Having a succesful Joint-Venture partner should be considered a valuable asset, which I do not see back in the company's valuation, which now stands at a lousy CAD 8 mln. This valuation is beyond ridiculous IMO, but anyhow.
Read the following article reffering to Rubicon (by the way, I do not own Rubicon). It has a lot of success in the Red lake's Gold district, as indicated by the article below. Some quotes.
Start Quote
It's tied to the fact that I think people are starting to see beyond the credit crisis," said David Adamson, Rubicon's chief executive.
"And there were a small group of us that cashed up in that period. I think for those juniors that have good assets and have cash, there is a growing audience."

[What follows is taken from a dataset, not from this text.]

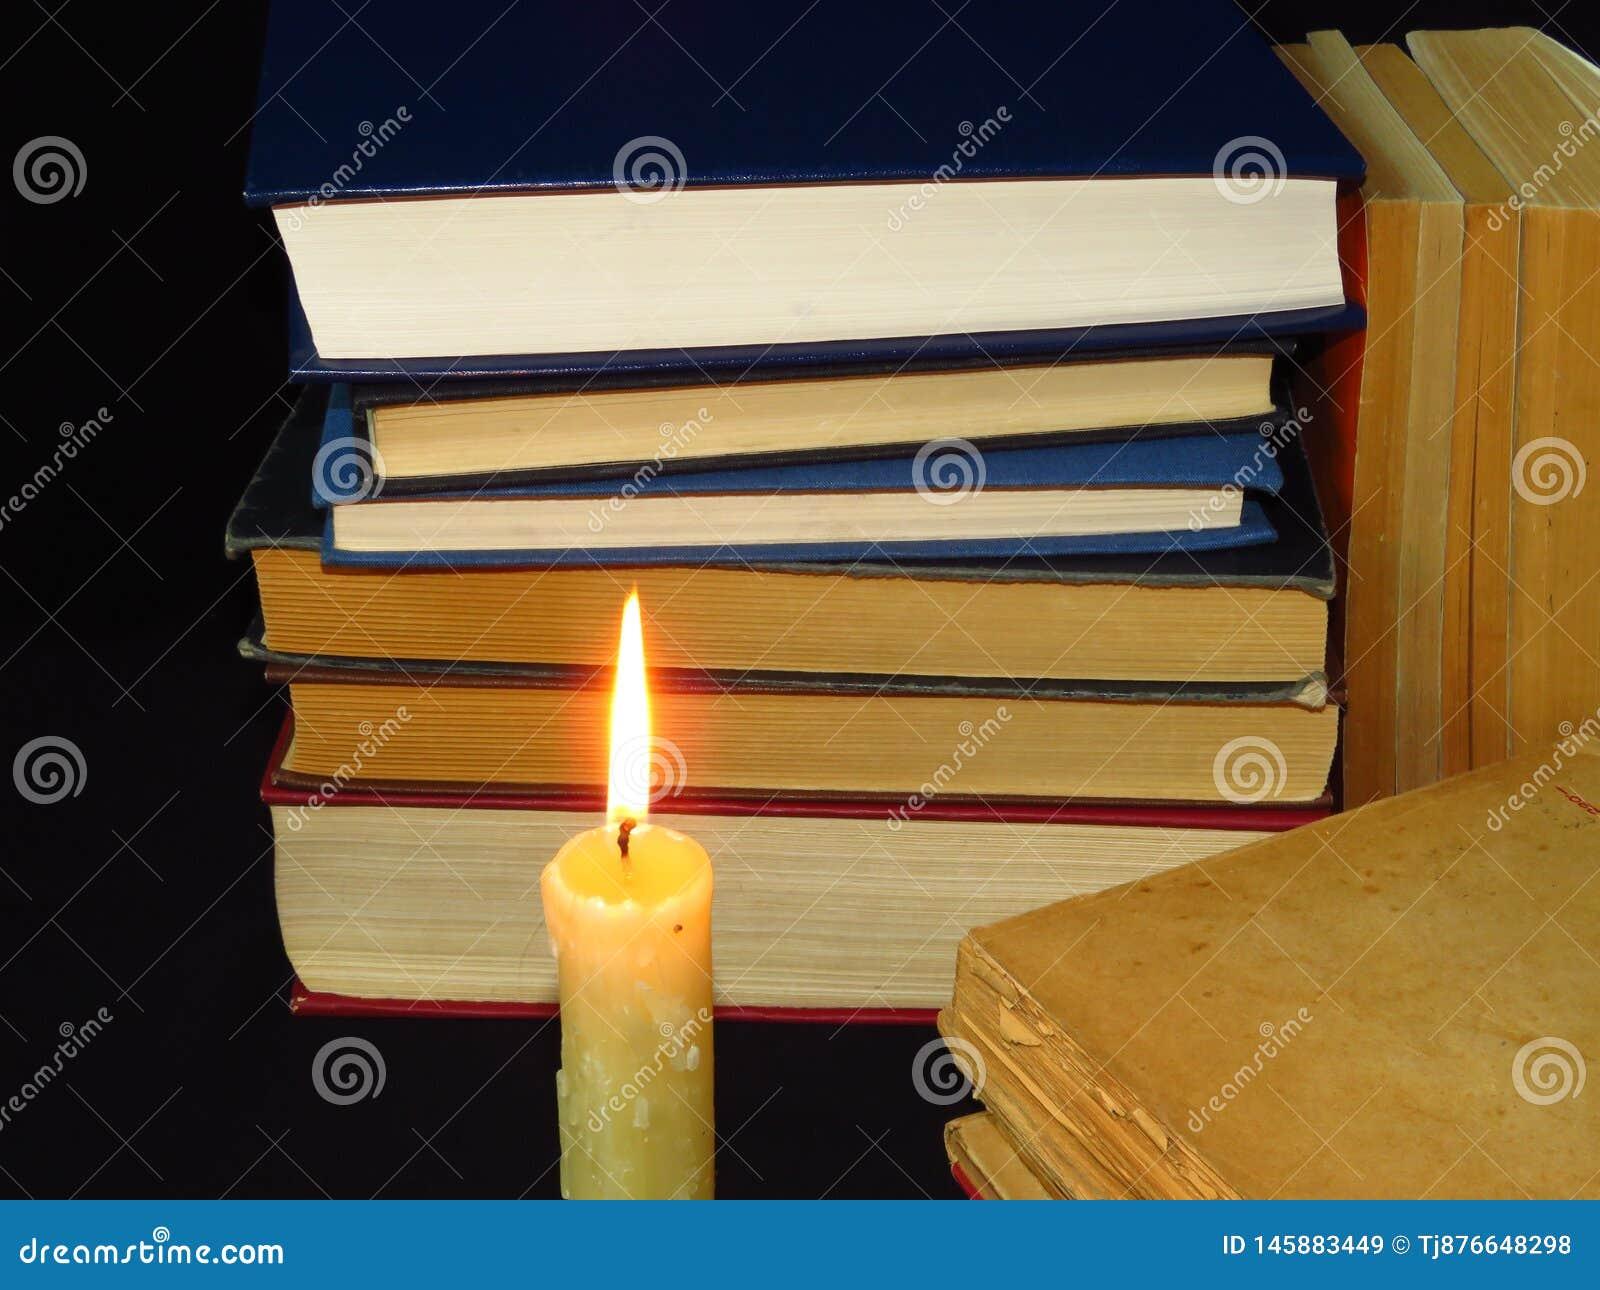 Старые книги штабелированные в куче и горящей свече Образование, знание, привычки чтения, бумага, библиотека, свет, пламя, тайна

However, it remains a very small group -- cash is still incredibly hard to come by for junior companies, and investors have almost zero interest in early-stage projects (Ventana being one notable exception). But for the juniors that have projects that are well-financed and are either in production or likely to be in the future, the enthusiasm is back.
While funds are putting cash back into the junior gold sector, they are also being selective about where it goes. Details like resource potential and political risk actually matter again, which was not always the case in the heady days of 2004 to 2007.
"There are frankly very few quality stories that have the potential to be mines. Because there's been a Darwinian culling of companies," Mr. Adamson said.
Rubicon is one of the names that has received the most interest in recent weeks, as the company's Phoenix gold project in Ontario's Red Lake gold district gets more promising each time the company releases drill data.
"With $66-million in the till right now, it allows us to move forward aggressively. And I think that helps investors get over the risk, because they know their company can deliver it to the next step," Mr. Adamson said."